# Hard Wired Robo Ducks



## shooteminthelips (Jun 13, 2007)

Has anyone ever made lets say 50 ft cables to run to your mojos in the field or the water? I was thinking about doing this and rigging up a box that has 6 switches for multiple decoys that you can run next to the blind. I am really sick of the mactory remotes that come with the decoys and I think a hard wire would be a lot easier to use the remotes. Seems like they are always getting lost or malfunctioning when hunting and honkers or snows start coming in. Or the big one is the guy who has the remote is always the one, that takes off for cripples and has them in their pocket so no one can shut them off? And even worse then that is trying to find the damn thing around your neck or in your pocket quick when they are on you fast. Anyone tired this or thought about it? I think it would solve a lot of problems.


----------



## Pato (Oct 7, 2003)

I am not at all sure about multiples on a block, but I did get a single one set on hard wire. We use alligator clips to the contacts that we pull off the switch. We epoxied a toggle switch into a piece of PVC so it is waterproof. We tie an overhand knot in the cord and let it settle to the bottom of the pole. It works well for us. It really beats having to keep the Robo right by a blind.


----------



## drakespanker12 (Aug 28, 2006)

have fun with the cable laying around your spread, you'll trippin over it or hunting partners will be....not fun but does work good if u remember where to step.....its just like having a jerk cord in the water and using dogs to retrieve your birds if ya catch my drift


----------



## prairie hunter (Mar 13, 2002)

I would go ask on a MN forum. MN bans the use of remotes and people have created hard wire systems for their spinners.

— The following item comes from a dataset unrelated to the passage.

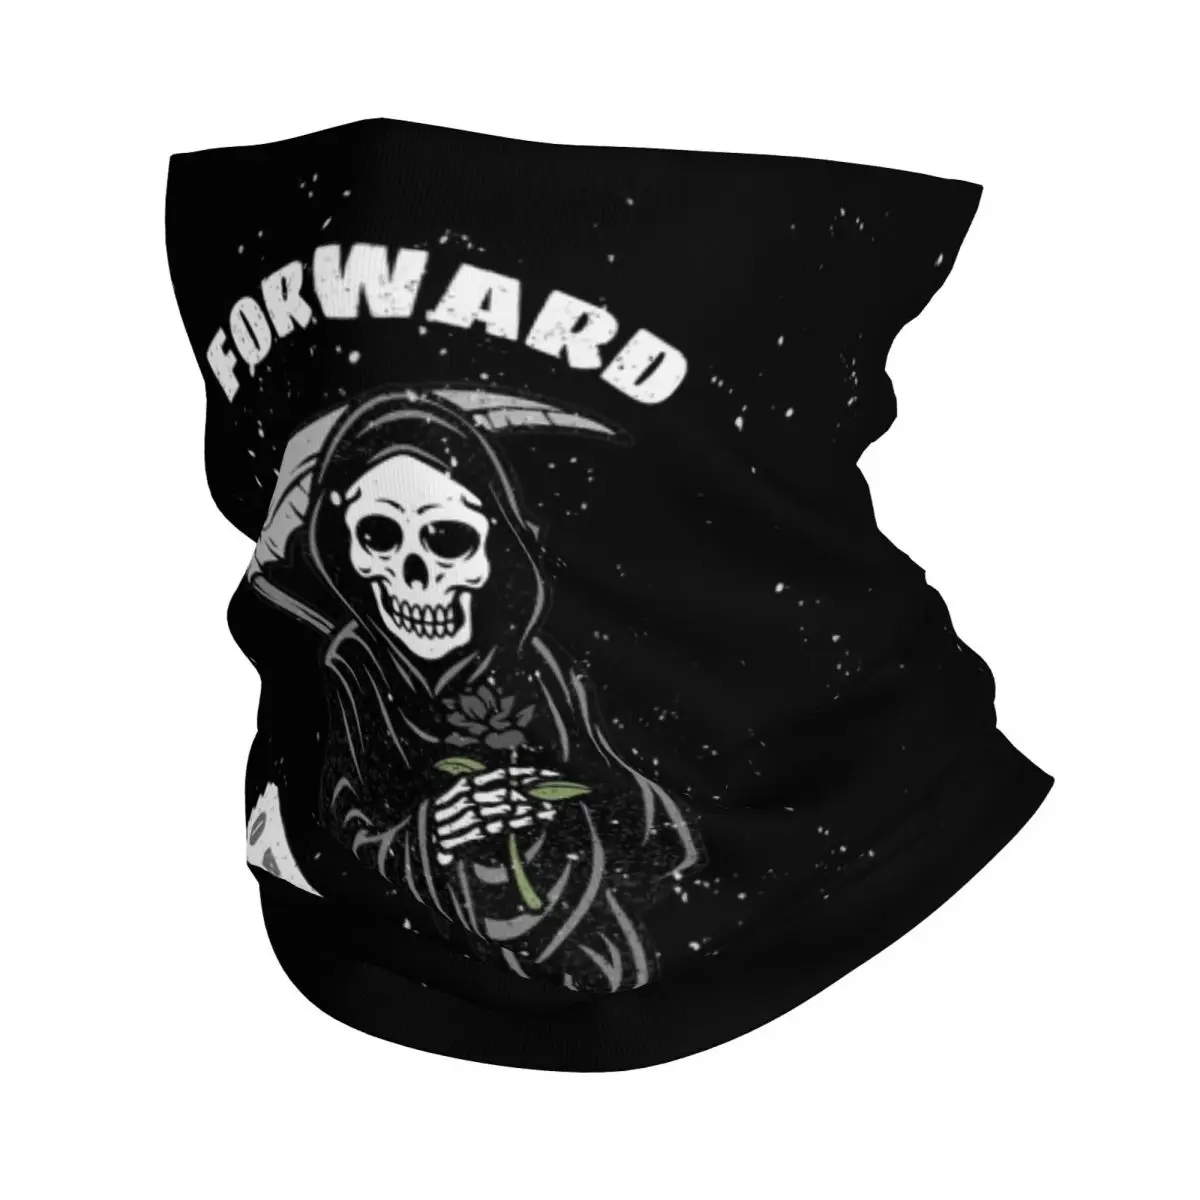 

Forward Observations Group GBRS Bandana Neck Cover Printed Grim Reaper Balaclavas Mask Scarf Warm Headwear for Men Women Adult

Wire getting in the way? Should not be any different then running some speaker wires in the spring.


----------



## mulefarm (Dec 7, 2009)

We've done it for 5-6 years. Works great


----------



## shootnmiss09 (Sep 15, 2006)

thats what we do too, and it works good! Just run the wire and toggle to the inside of our layouts, and no more getting out to shot off mojos!


----------



## the professor (Oct 13, 2006)

I run a cable and toggle switch on mine...make sure you size your conductors to allow for the voltage drop you will get, unless you like your mojo wings to spin slower.


----------



## popo (Jul 20, 2003)

Work's good. We have all ours on 50 foot wire with a toggle switch.


----------



## 46panhead (Feb 10, 2011)

watch the cable length. i had to add a relay to my robos because the 75' cables caused too much voltage drop. work great now.


----------